» DIRECTIONS FOR THIS TASK
Every picture should be left out, but the lines below must be repeated exactly.

» GIVEN MATERIAL
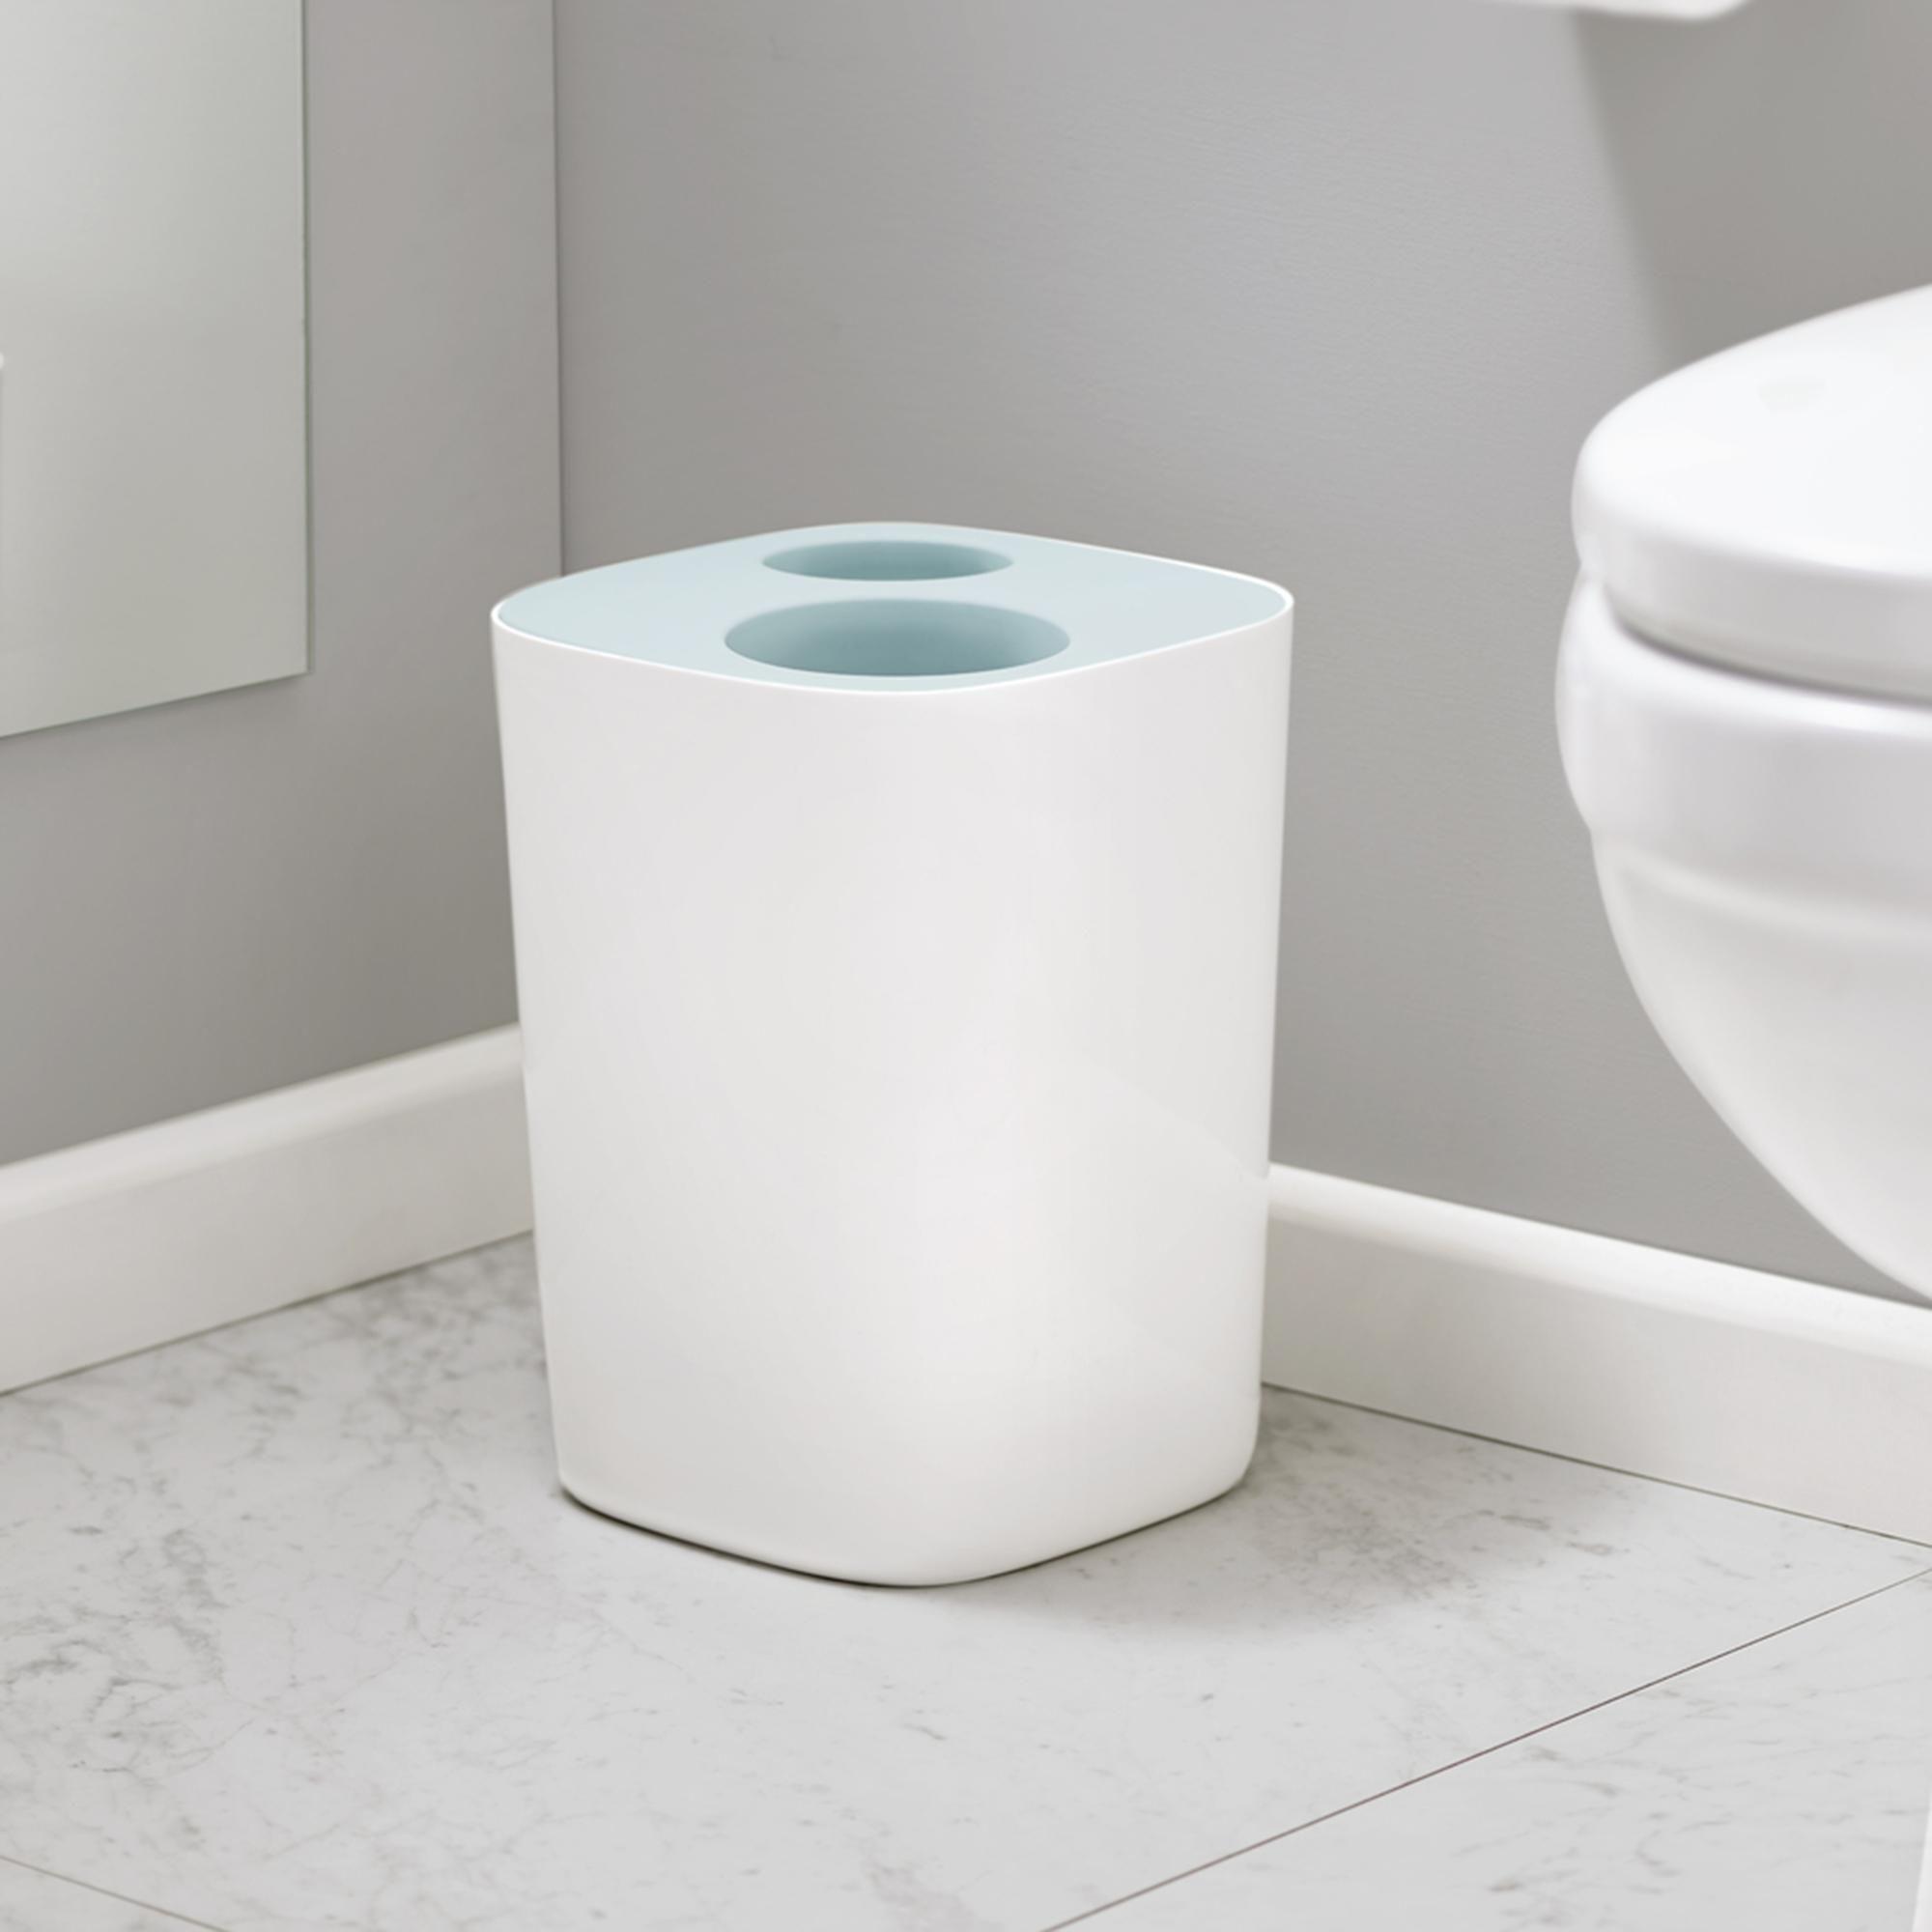 Joseph Joseph Split Bathroom Waste Separation Bin In 2020 Bathroom Bin Joseph Joseph Joseph Joseph Bin
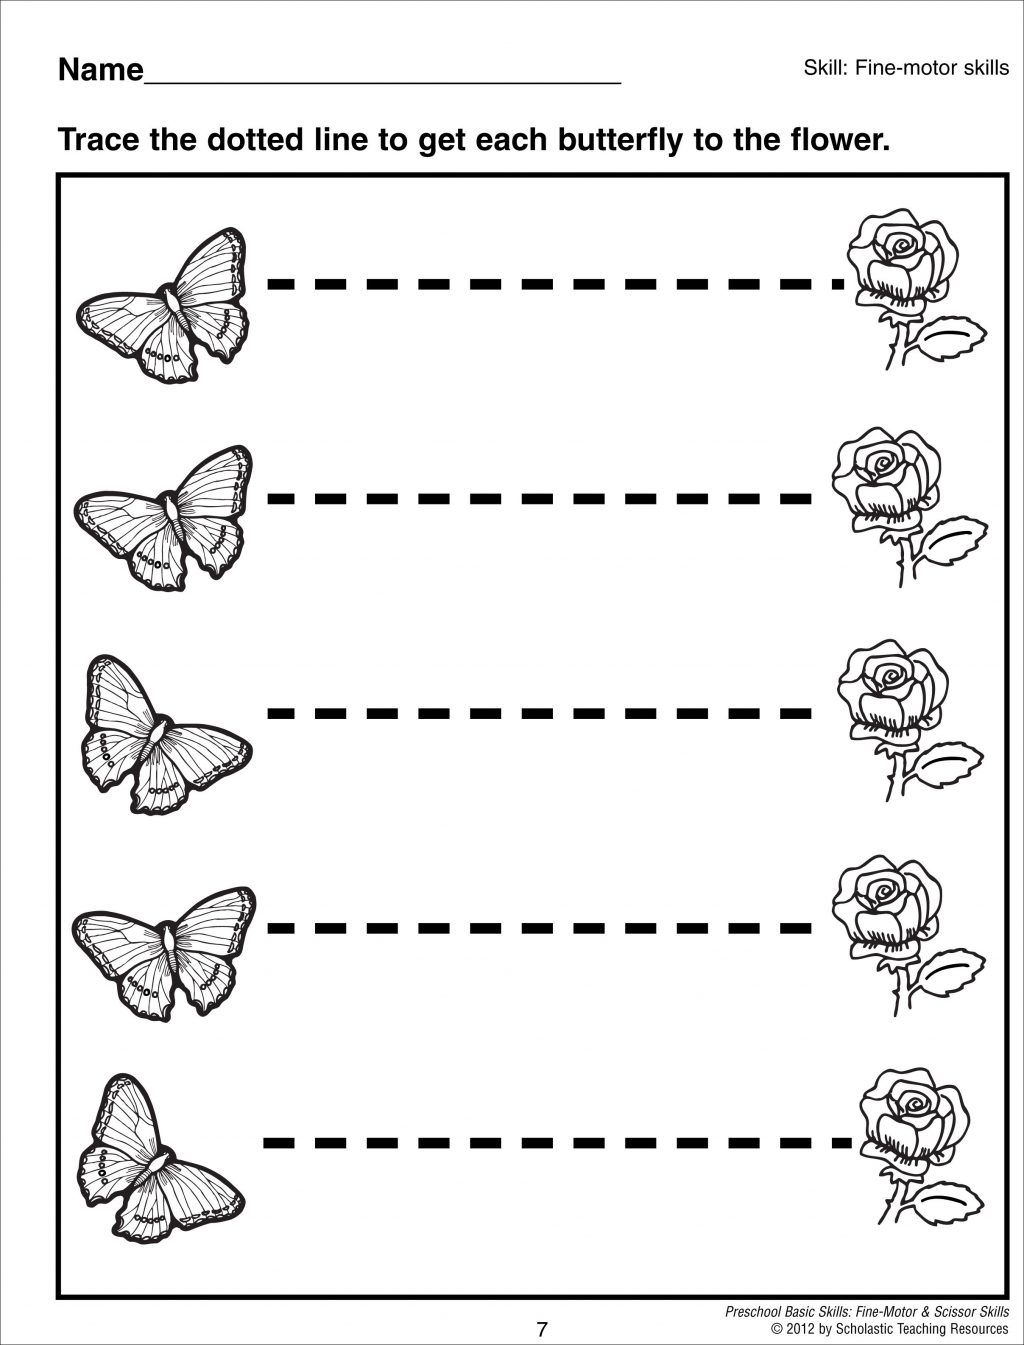 Worksheet Ideas Tracing Lines Worksheets For Preschool Prewriting Activities Preschool Tracing Worksheets Preschool Line Tracing Worksheets [ 1345 x 1024 Pixel ]
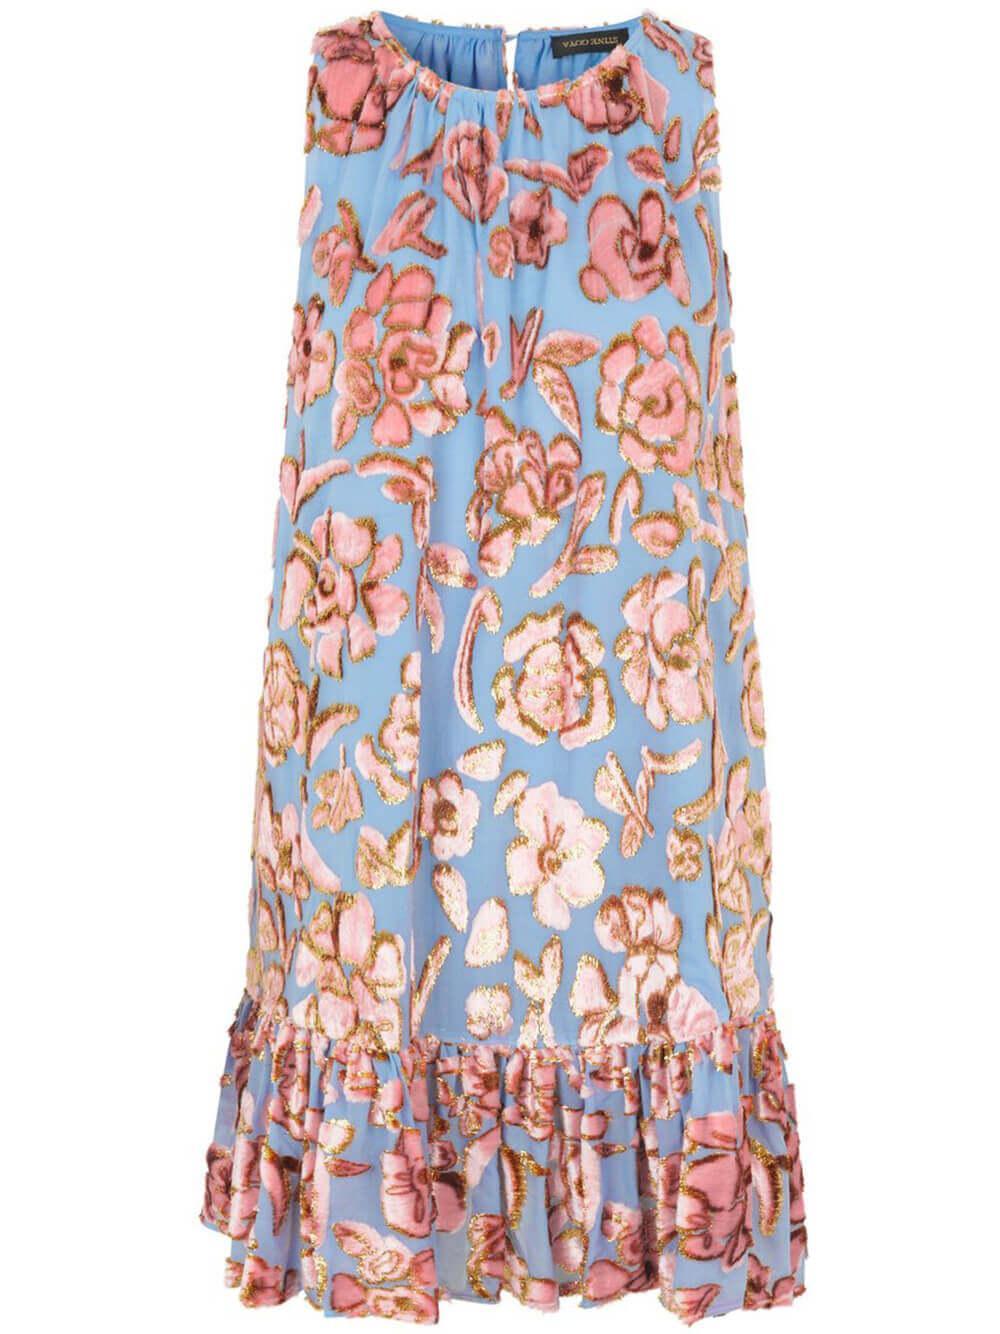 Kenna Dress
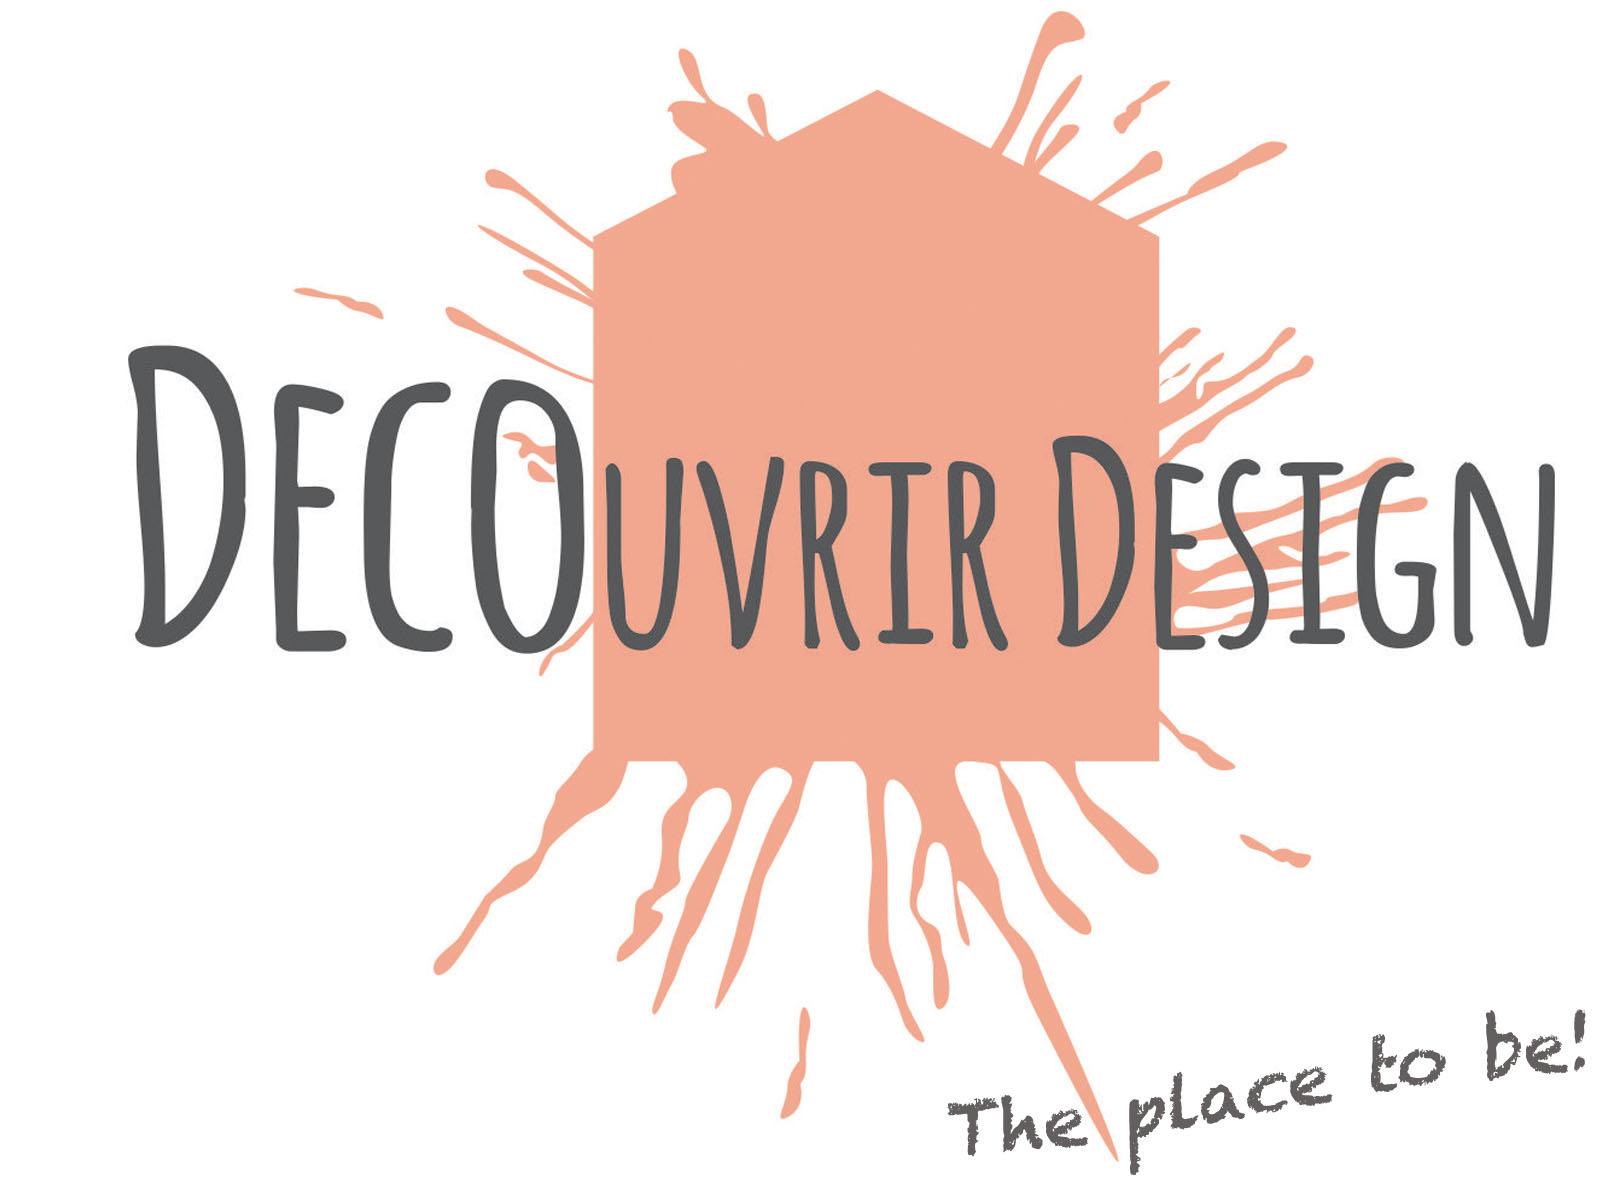 DecouvrirDesign

» REPLY
 Joseph Joseph Split Bathroom Waste Separation Bin In 2020 Bathroom Bin Joseph Joseph Joseph Joseph Bin
 Worksheet Ideas Tracing Lines Worksheets For Preschool Prewriting Activities Preschool Tracing Worksheets Preschool Line Tracing Worksheets [ 1345 x 1024 Pixel ]
 Kenna Dress
 DecouvrirDesign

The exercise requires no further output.